Сказавшая в свое время: «Папа умер так же красиво, как жил» (о дед-Иосифе), она принимала соболезнования с видом безумной государыни, увенчанной короной из полевых цветов.
– Бабушка…
Тут за окном проехала машина «Мороженое-Штраус», играя вальс Штрауса.
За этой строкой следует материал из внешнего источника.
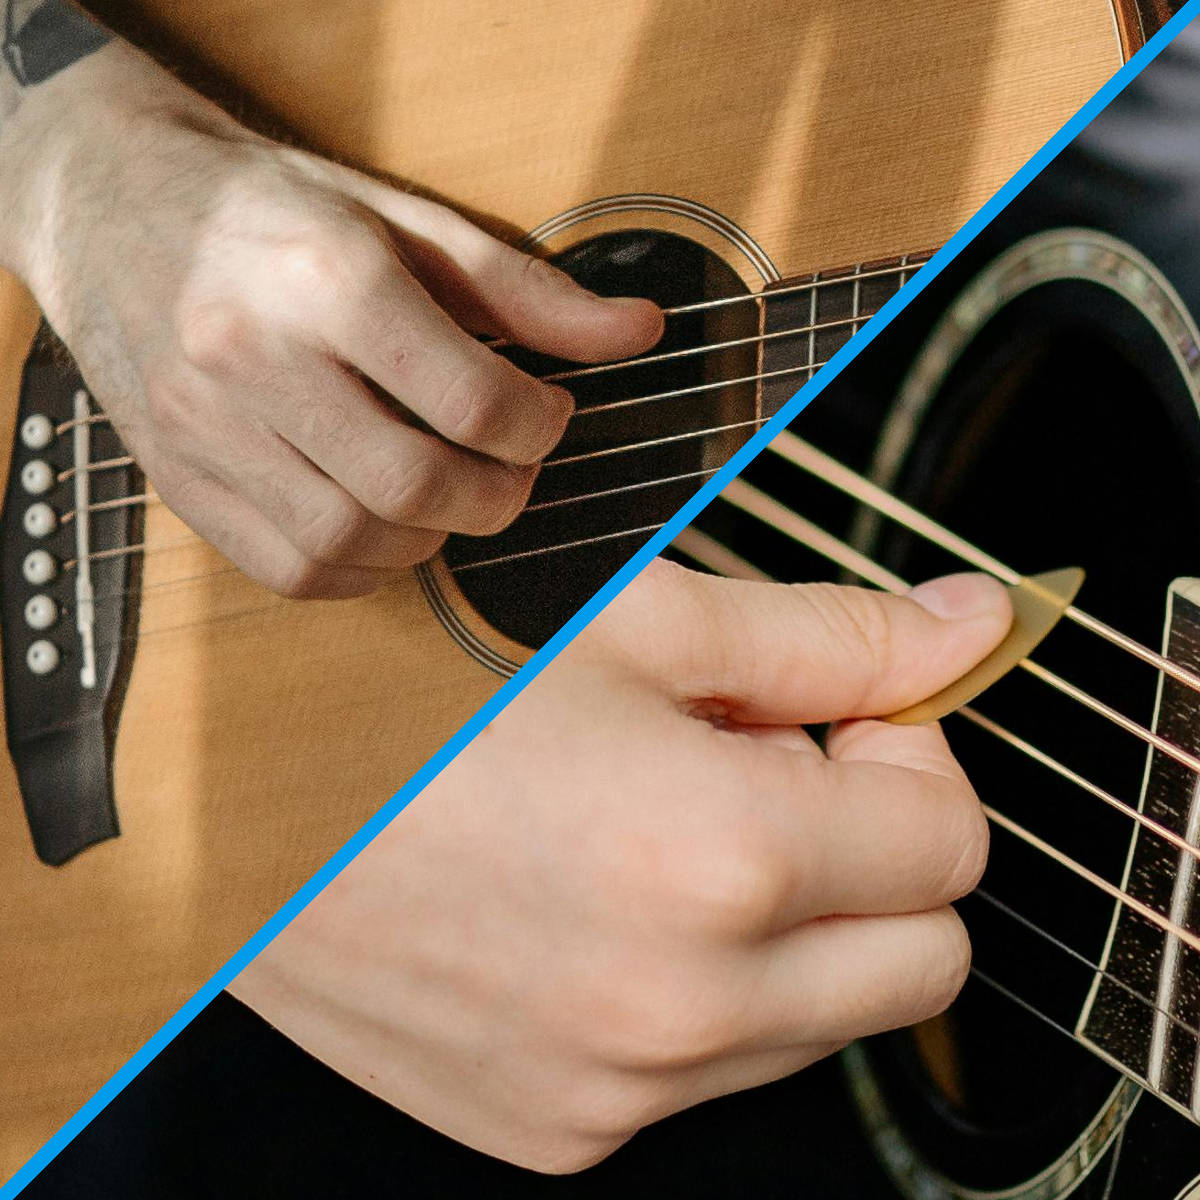 Flatpick or fingerstyle are two ways to play guitar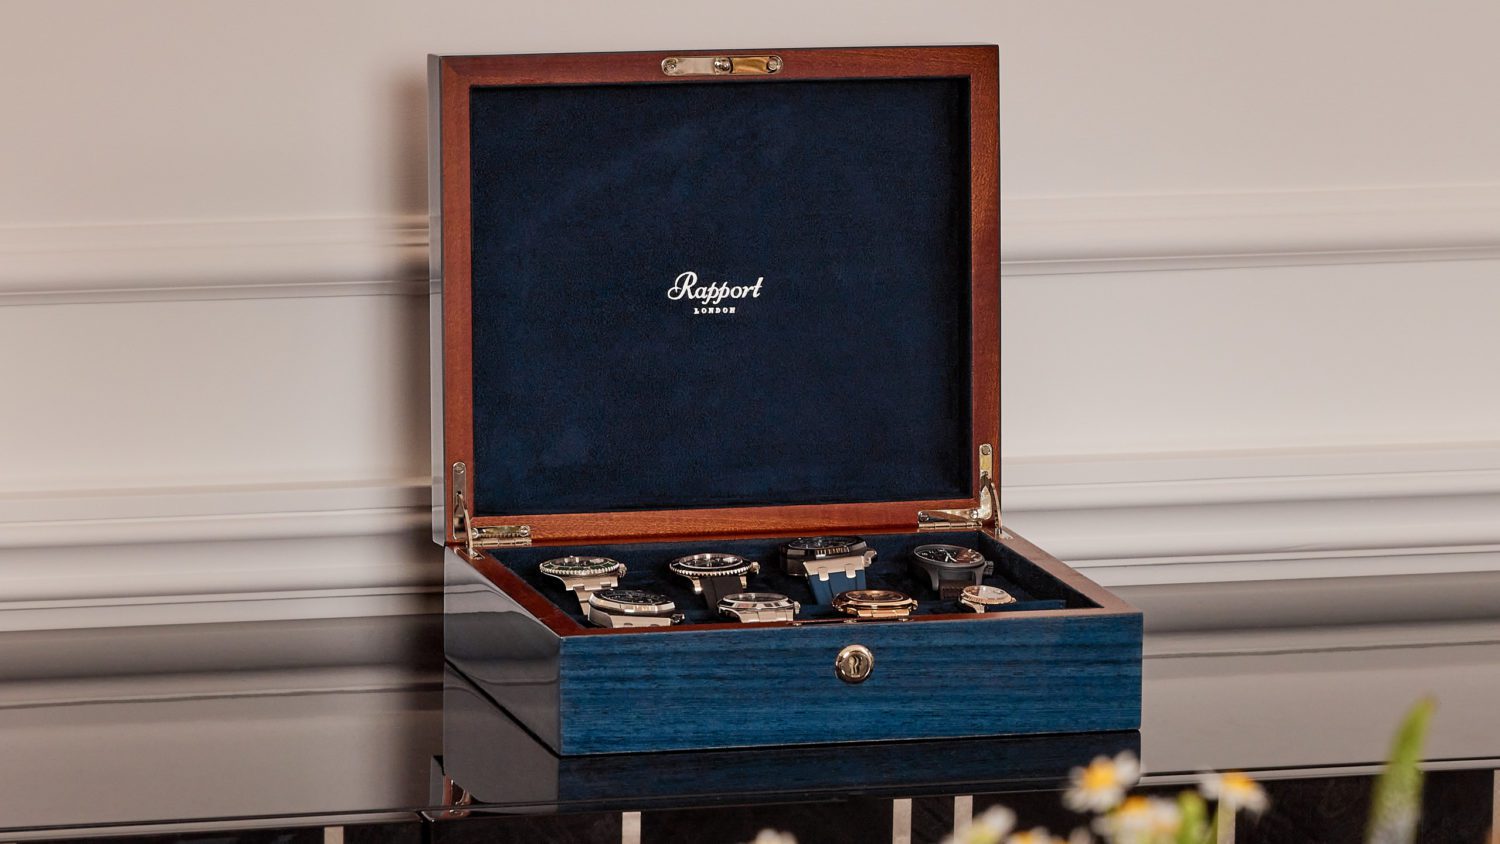 With timeless elegance and impeccable craftsmanship, Rapport products are made to stand the test of time.

Я успокоил ее: никто музыку не включал, это мороженое на улице.
– Исайка ничего не почувствовал, – сказала она. – Только вспыхнула звездочка, – и посмотрела на меня, умиротворенная этим знанием.
На это мать скажет, когда никто не будет слышать:
– Свинья видит звезды только перед смертью.
Какая неукротимая ярость бушует в ней, «ведет и корчит», – изгнать которую не по силам никакому экзорцисту!
Мать ходила по квартире потрясенная, не находя себе места, явно беспокоясь за отца, то есть подчеркнуто: как он это переживет? Ей было нечего на себя взвалить и некого обвинить – скорей уж тетя Женя могла спрашивать с нее: кто тащил их в Израиль?
Но тетя Женя держится «смолянкой»: вместо слез следы от слез. Анечка успела к самым похоронам, после двенадцатичасового перелета, и тут тетя Женя ударилась в слезы, а с нею и Анечка. Это было в помещении, служившем последней остановкой для тела, прежде чем оно будет предано земле. Уже наглухо упакованное в саван, оно дожидалось нас в этом доме свиданий, от которого до кладбища «Гиват Шауль» еще три километра.
Министр внутренних дел, губастый Йосеф Бург напомнил мне деда Иосифа, когда, пробормотав что-то на идиш, опустился рядом бабушкой Гитусей. Его появление придавало слепому обряду какой-то гражданский пафос. То же относилось к двум солдатам и двум солдаткам, стоявшим возле кучи сухой иерусалимской земли.
Отец и я подхватываем «аминь» – я подумал, что надо бы выучить каддиш. Так и не выучу. Бабушку и тетю Женю, накинувших на головы прозрачные черные шали, поддерживали под руки. На голове у матери такая же.
На похороны надевают рубашку, помня, что предстоит ритуальное раздирание на себе одежд: воротничок будет надрезан в знак скорби. Не предупрежденная об этом, Анечка расстроилась, когда бородатый человек испортил ей ножницами брендовую блузку («параллельных миров» великое множество).
Вскоре бабушка Гитуся перестала произносить имя «Исайка». Это произошло как-то незаметно и вряд ли осознанно. Душа защищалась без спросу. С другой стороны, во время очередной «гуревичевской прогулки» к белой плите, которую и отыскать-то было – как иголку в стоге сена, я увидал надпись карандашом, крик: «Папа! Исайка».
Отец растерянно посмотрел на меня:
– Как она сюда добралась одна?
О другом. Мы с женой долго оттягивали это, отчасти по недостатку решительности, отчасти из эгоизма цепляясь за уходящую молодость – но дальше так продолжаться не могло. Для мужчины это начинается со слов: «У нас будет ребенок». Или: «Я беременна».